Task to carry out: Below are the records; restate all of them exactly.

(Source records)
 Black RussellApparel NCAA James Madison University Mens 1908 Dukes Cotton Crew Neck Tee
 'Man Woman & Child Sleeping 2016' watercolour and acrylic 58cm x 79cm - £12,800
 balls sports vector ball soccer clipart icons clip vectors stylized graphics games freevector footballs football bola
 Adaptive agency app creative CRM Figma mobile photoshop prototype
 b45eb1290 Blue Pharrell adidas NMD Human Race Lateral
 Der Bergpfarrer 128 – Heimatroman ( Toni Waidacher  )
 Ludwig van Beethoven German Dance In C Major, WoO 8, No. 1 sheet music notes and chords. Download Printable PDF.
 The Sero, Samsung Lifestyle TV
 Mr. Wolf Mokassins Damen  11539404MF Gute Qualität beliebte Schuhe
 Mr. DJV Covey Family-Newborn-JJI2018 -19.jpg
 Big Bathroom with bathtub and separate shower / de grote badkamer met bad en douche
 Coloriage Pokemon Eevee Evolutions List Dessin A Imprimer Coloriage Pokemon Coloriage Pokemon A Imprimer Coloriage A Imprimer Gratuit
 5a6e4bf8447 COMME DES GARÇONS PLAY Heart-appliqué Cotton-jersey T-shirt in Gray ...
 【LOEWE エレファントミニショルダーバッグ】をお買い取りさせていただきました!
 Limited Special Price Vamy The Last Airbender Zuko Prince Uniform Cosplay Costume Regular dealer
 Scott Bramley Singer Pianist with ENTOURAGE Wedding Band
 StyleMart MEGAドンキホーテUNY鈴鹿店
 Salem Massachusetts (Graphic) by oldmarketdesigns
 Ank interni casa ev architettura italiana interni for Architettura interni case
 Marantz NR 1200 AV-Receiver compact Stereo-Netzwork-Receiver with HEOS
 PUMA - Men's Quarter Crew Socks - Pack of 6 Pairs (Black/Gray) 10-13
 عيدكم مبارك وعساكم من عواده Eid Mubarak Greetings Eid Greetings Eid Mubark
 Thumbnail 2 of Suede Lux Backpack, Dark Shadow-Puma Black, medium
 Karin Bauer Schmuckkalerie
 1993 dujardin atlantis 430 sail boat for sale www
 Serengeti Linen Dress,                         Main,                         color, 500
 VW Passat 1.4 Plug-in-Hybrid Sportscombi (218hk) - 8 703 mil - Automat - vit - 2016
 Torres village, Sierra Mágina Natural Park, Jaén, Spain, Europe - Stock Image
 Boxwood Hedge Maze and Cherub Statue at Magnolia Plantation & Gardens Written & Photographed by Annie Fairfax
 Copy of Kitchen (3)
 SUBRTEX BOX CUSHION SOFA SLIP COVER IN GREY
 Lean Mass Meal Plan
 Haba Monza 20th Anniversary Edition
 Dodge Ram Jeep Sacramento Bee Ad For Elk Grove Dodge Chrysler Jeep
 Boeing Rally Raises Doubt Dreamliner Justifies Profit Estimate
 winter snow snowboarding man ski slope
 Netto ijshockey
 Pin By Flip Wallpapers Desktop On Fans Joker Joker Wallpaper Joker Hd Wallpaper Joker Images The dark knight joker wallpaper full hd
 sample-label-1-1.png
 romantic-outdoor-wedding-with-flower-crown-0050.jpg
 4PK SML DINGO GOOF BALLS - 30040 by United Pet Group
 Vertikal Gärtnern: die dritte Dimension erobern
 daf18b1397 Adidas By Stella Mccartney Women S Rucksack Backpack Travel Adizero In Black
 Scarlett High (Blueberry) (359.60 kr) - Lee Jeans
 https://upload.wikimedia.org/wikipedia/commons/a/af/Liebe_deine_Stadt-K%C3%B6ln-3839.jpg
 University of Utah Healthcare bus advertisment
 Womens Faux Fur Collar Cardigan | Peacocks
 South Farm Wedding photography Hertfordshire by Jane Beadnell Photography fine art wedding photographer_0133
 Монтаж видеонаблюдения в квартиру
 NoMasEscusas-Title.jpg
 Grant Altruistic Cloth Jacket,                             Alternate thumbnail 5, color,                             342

Answer to this exercise:
 Black RussellApparel NCAA James Madison University Mens 1908 Dukes Cotton Crew Neck Tee
 'Man Woman & Child Sleeping 2016' watercolour and acrylic 58cm x 79cm - £12,800
 balls sports vector ball soccer clipart icons clip vectors stylized graphics games freevector footballs football bola
 Adaptive agency app creative CRM Figma mobile photoshop prototype
 b45eb1290 Blue Pharrell adidas NMD Human Race Lateral
 Der Bergpfarrer 128 – Heimatroman ( Toni Waidacher  )
 Ludwig van Beethoven German Dance In C Major, WoO 8, No. 1 sheet music notes and chords. Download Printable PDF.
 The Sero, Samsung Lifestyle TV
 Mr. Wolf Mokassins Damen  11539404MF Gute Qualität beliebte Schuhe
 Mr. DJV Covey Family-Newborn-JJI2018 -19.jpg
 Big Bathroom with bathtub and separate shower / de grote badkamer met bad en douche
 Coloriage Pokemon Eevee Evolutions List Dessin A Imprimer Coloriage Pokemon Coloriage Pokemon A Imprimer Coloriage A Imprimer Gratuit
 5a6e4bf8447 COMME DES GARÇONS PLAY Heart-appliqué Cotton-jersey T-shirt in Gray ...
 【LOEWE エレファントミニショルダーバッグ】をお買い取りさせていただきました!
 Limited Special Price Vamy The Last Airbender Zuko Prince Uniform Cosplay Costume Regular dealer
 Scott Bramley Singer Pianist with ENTOURAGE Wedding Band
 StyleMart MEGAドンキホーテUNY鈴鹿店
 Salem Massachusetts (Graphic) by oldmarketdesigns
 Ank interni casa ev architettura italiana interni for Architettura interni case
 Marantz NR 1200 AV-Receiver compact Stereo-Netzwork-Receiver with HEOS
 PUMA - Men's Quarter Crew Socks - Pack of 6 Pairs (Black/Gray) 10-13
 عيدكم مبارك وعساكم من عواده Eid Mubarak Greetings Eid Greetings Eid Mubark
 Thumbnail 2 of Suede Lux Backpack, Dark Shadow-Puma Black, medium
 Karin Bauer Schmuckkalerie
 1993 dujardin atlantis 430 sail boat for sale www
 Serengeti Linen Dress,                         Main,                         color, 500
 VW Passat 1.4 Plug-in-Hybrid Sportscombi (218hk) - 8 703 mil - Automat - vit - 2016
 Torres village, Sierra Mágina Natural Park, Jaén, Spain, Europe - Stock Image
 Boxwood Hedge Maze and Cherub Statue at Magnolia Plantation & Gardens Written & Photographed by Annie Fairfax
 Copy of Kitchen (3)
 SUBRTEX BOX CUSHION SOFA SLIP COVER IN GREY
 Lean Mass Meal Plan
 Haba Monza 20th Anniversary Edition
 Dodge Ram Jeep Sacramento Bee Ad For Elk Grove Dodge Chrysler Jeep
 Boeing Rally Raises Doubt Dreamliner Justifies Profit Estimate
 winter snow snowboarding man ski slope
 Netto ijshockey
 Pin By Flip Wallpapers Desktop On Fans Joker Joker Wallpaper Joker Hd Wallpaper Joker Images The dark knight joker wallpaper full hd
 sample-label-1-1.png
 romantic-outdoor-wedding-with-flower-crown-0050.jpg
 4PK SML DINGO GOOF BALLS - 30040 by United Pet Group
 Vertikal Gärtnern: die dritte Dimension erobern
 daf18b1397 Adidas By Stella Mccartney Women S Rucksack Backpack Travel Adizero In Black
 Scarlett High (Blueberry) (359.60 kr) - Lee Jeans
 https://upload.wikimedia.org/wikipedia/commons/a/af/Liebe_deine_Stadt-K%C3%B6ln-3839.jpg
 University of Utah Healthcare bus advertisment
 Womens Faux Fur Collar Cardigan | Peacocks
 South Farm Wedding photography Hertfordshire by Jane Beadnell Photography fine art wedding photographer_0133
 Монтаж видеонаблюдения в квартиру
 NoMasEscusas-Title.jpg
 Grant Altruistic Cloth Jacket,                             Alternate thumbnail 5, color,                             342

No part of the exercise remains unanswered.